> Exercise goal:
Write the records below out again word for word, with the pictures removed.
BEGIN Material provided
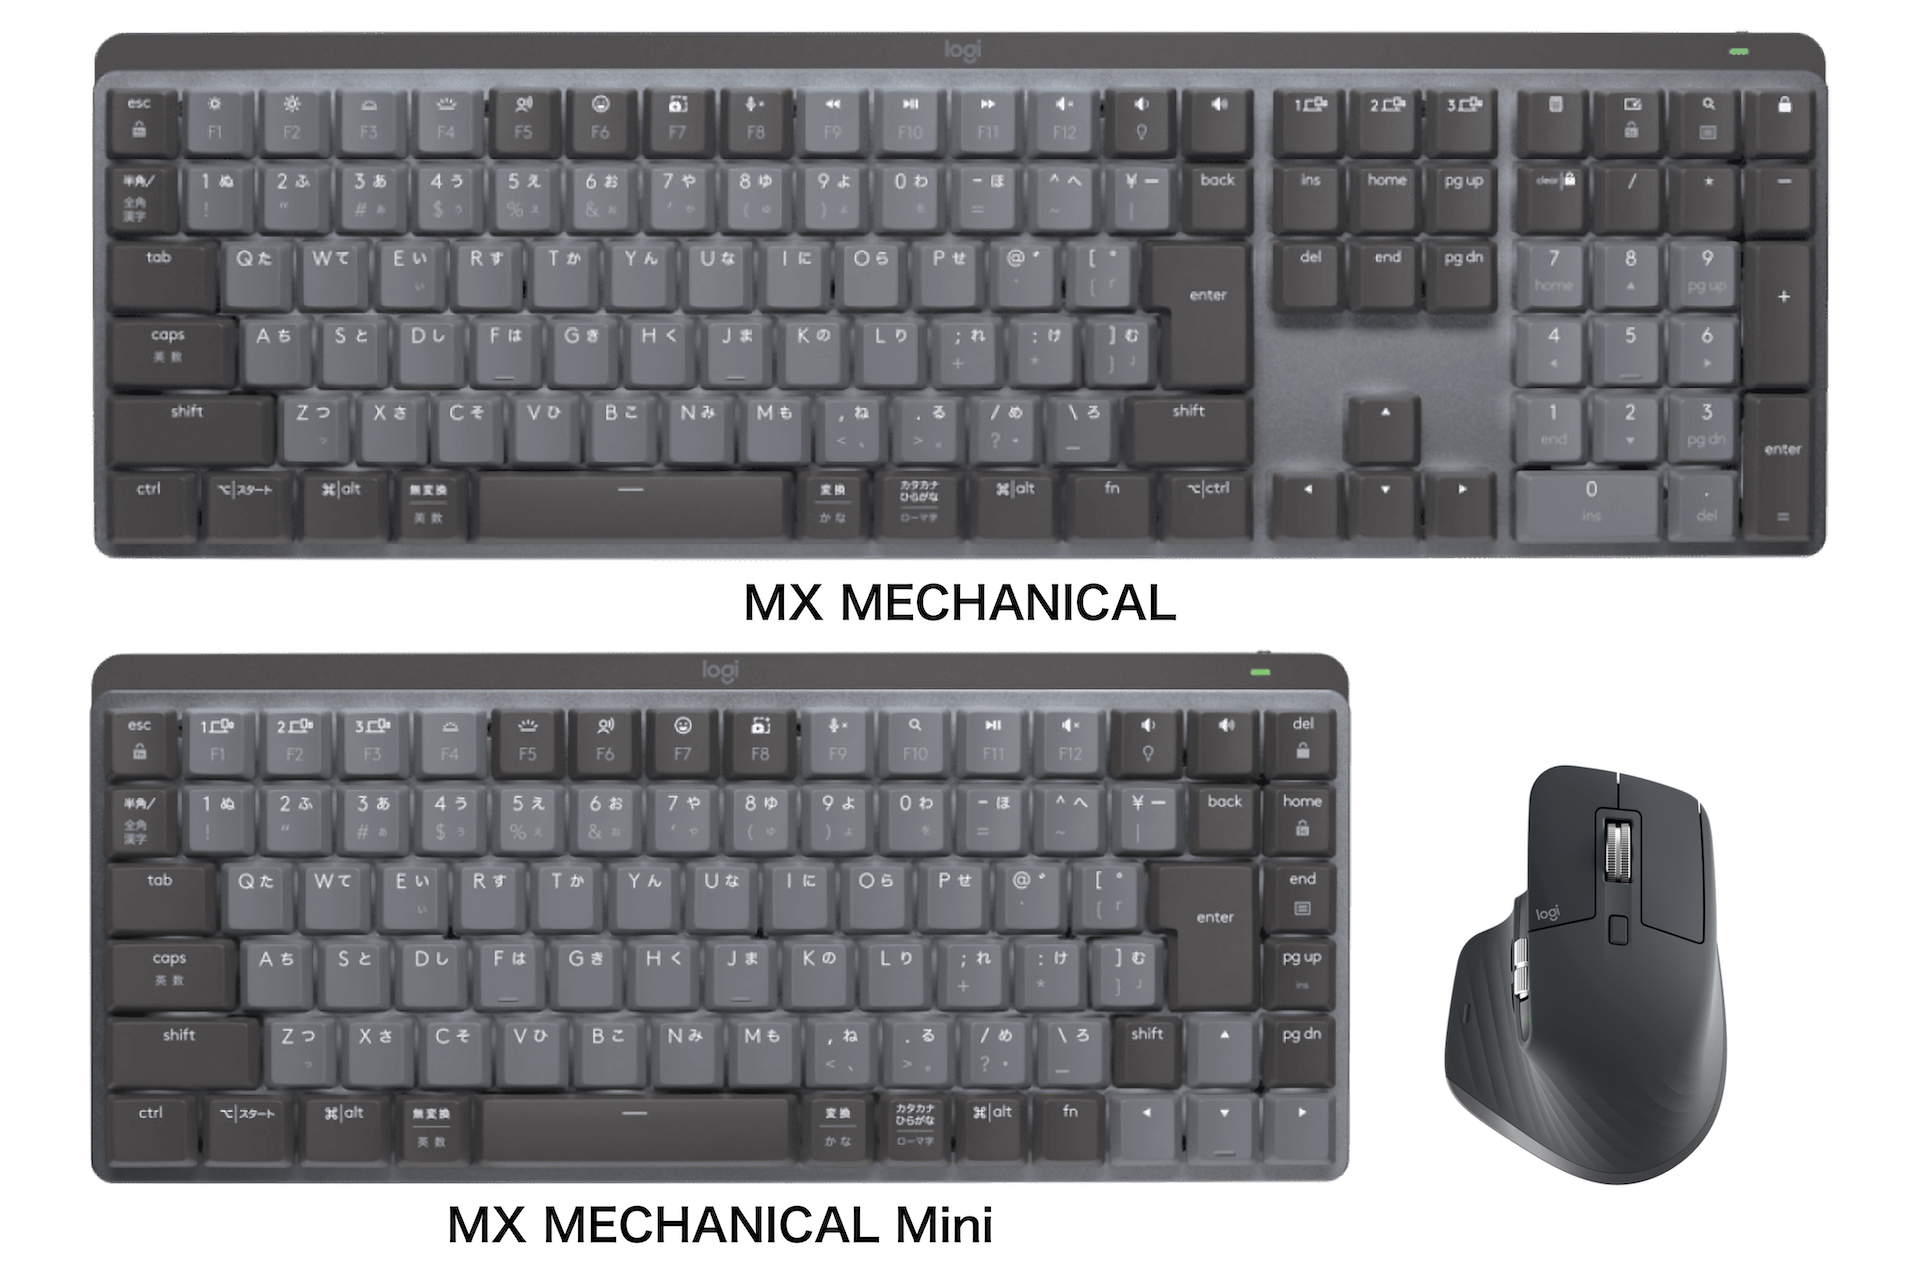 MX MECHANICAL Mini
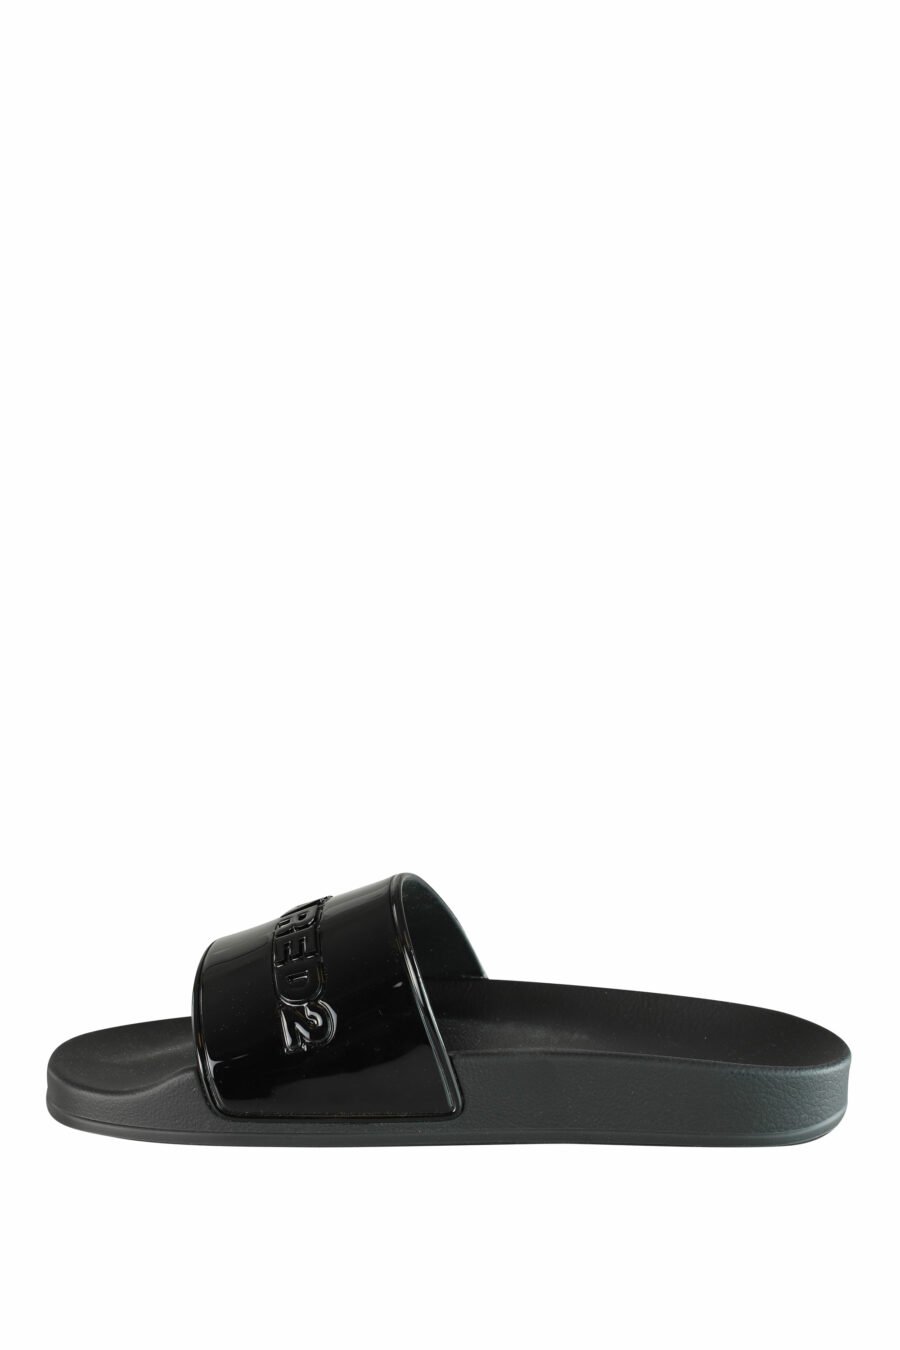 Shiny black flip flops with black maxilogo - IMG 1337
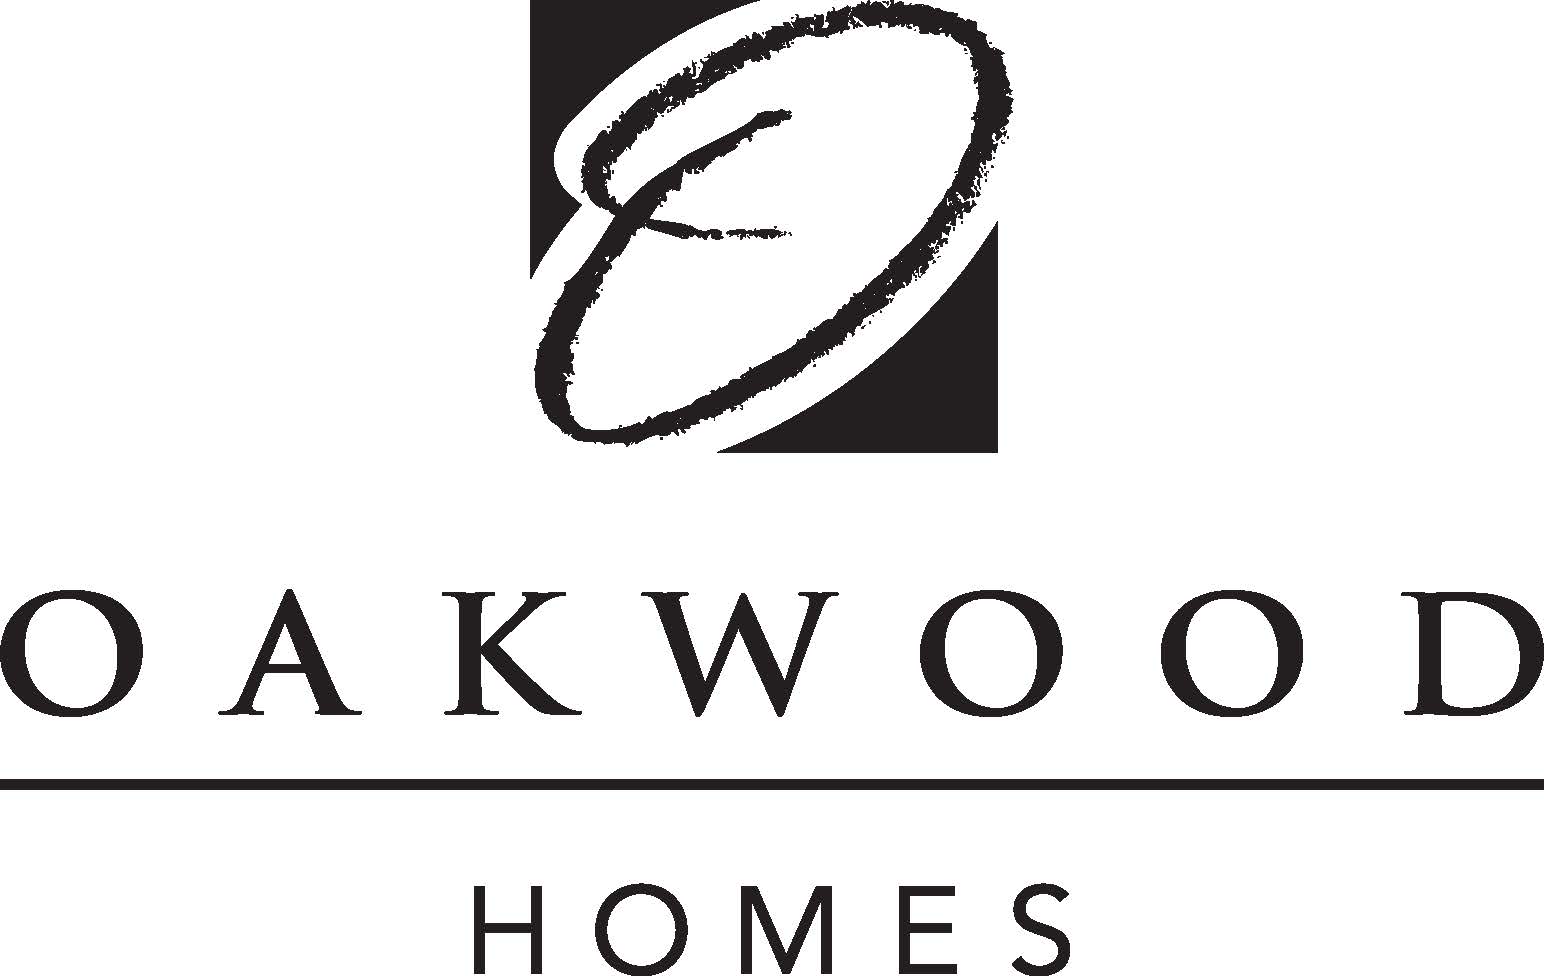 Oakwood Homes
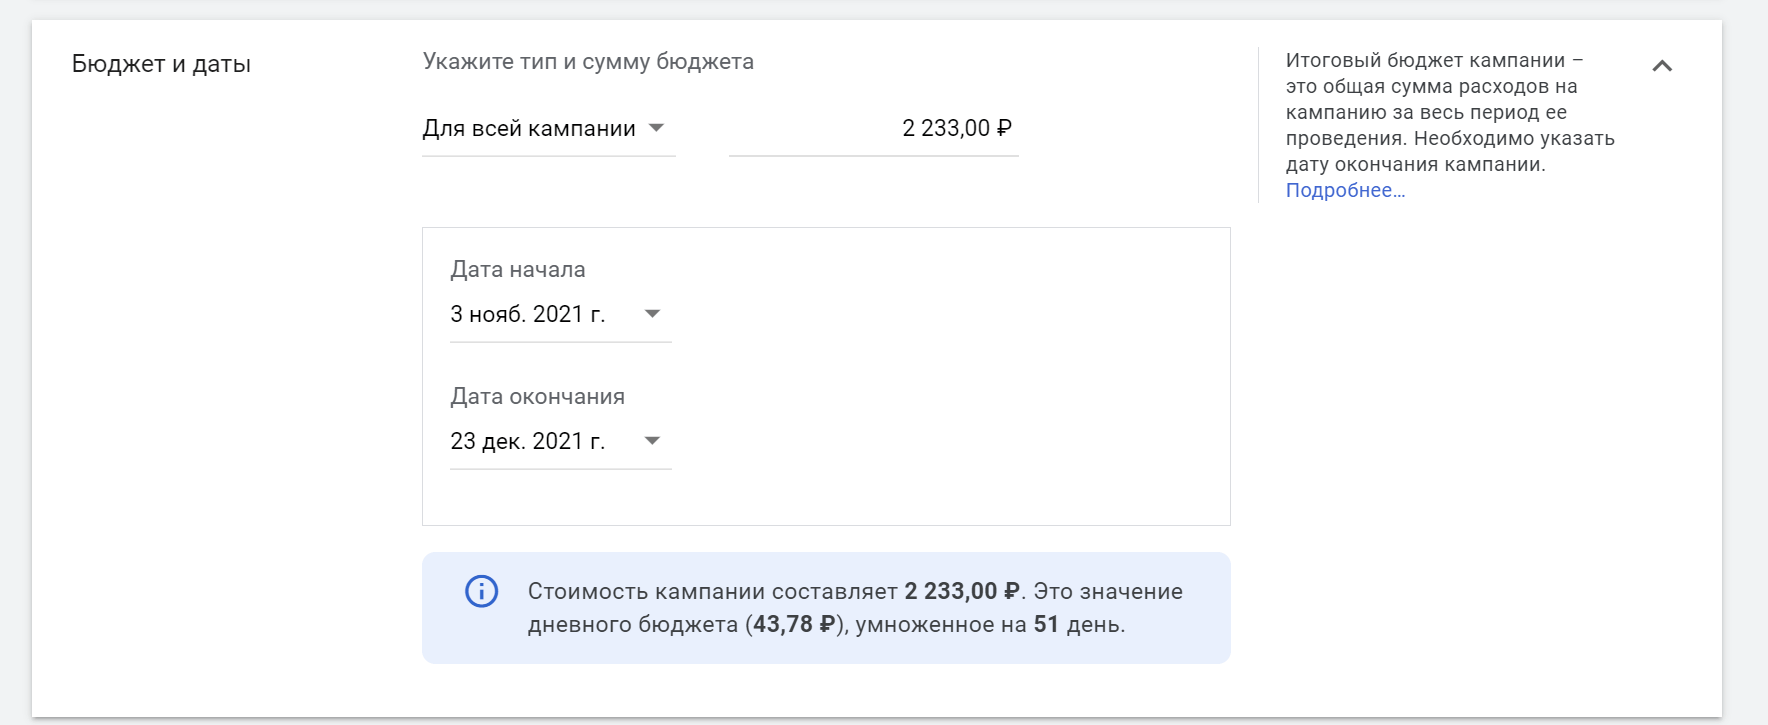 В день на рекламу будет тратиться 43,78 рубля
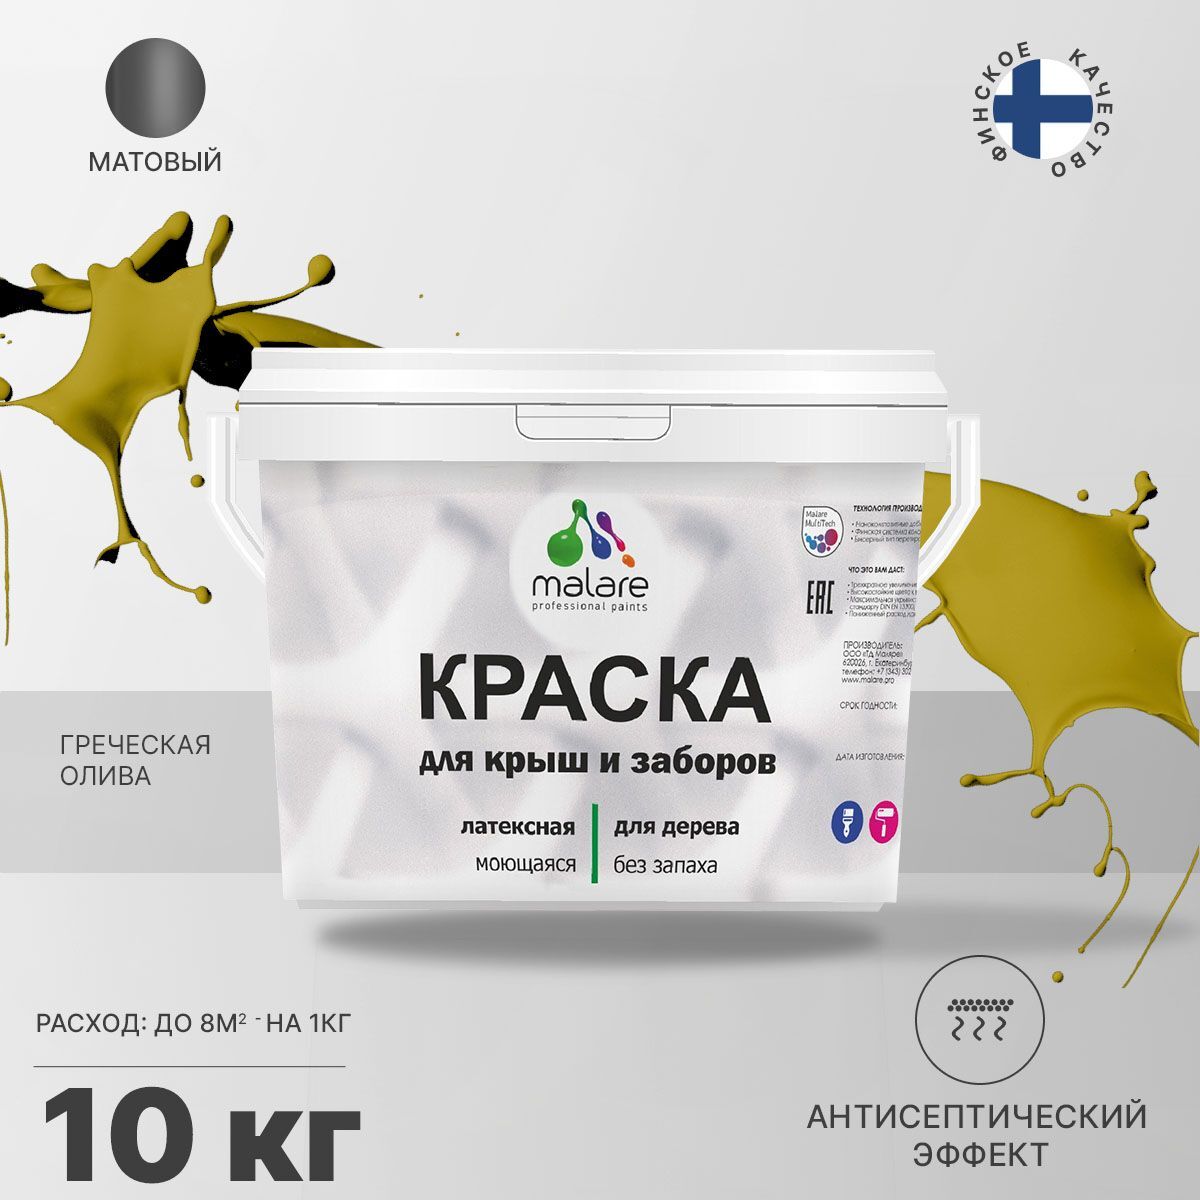 Краска Malare специализированная Акриловая, Латексная, Полиуретановая, 10 кг греческая олива КДЗАБКРШМ060
END Material provided
> Response to the exercise:
 MX MECHANICAL Mini
 Shiny black flip flops with black maxilogo - IMG 1337
 Oakwood Homes
 В день на рекламу будет тратиться 43,78 рубля
 Краска Malare специализированная Акриловая, Латексная, Полиуретановая, 10 кг греческая олива КДЗАБКРШМ060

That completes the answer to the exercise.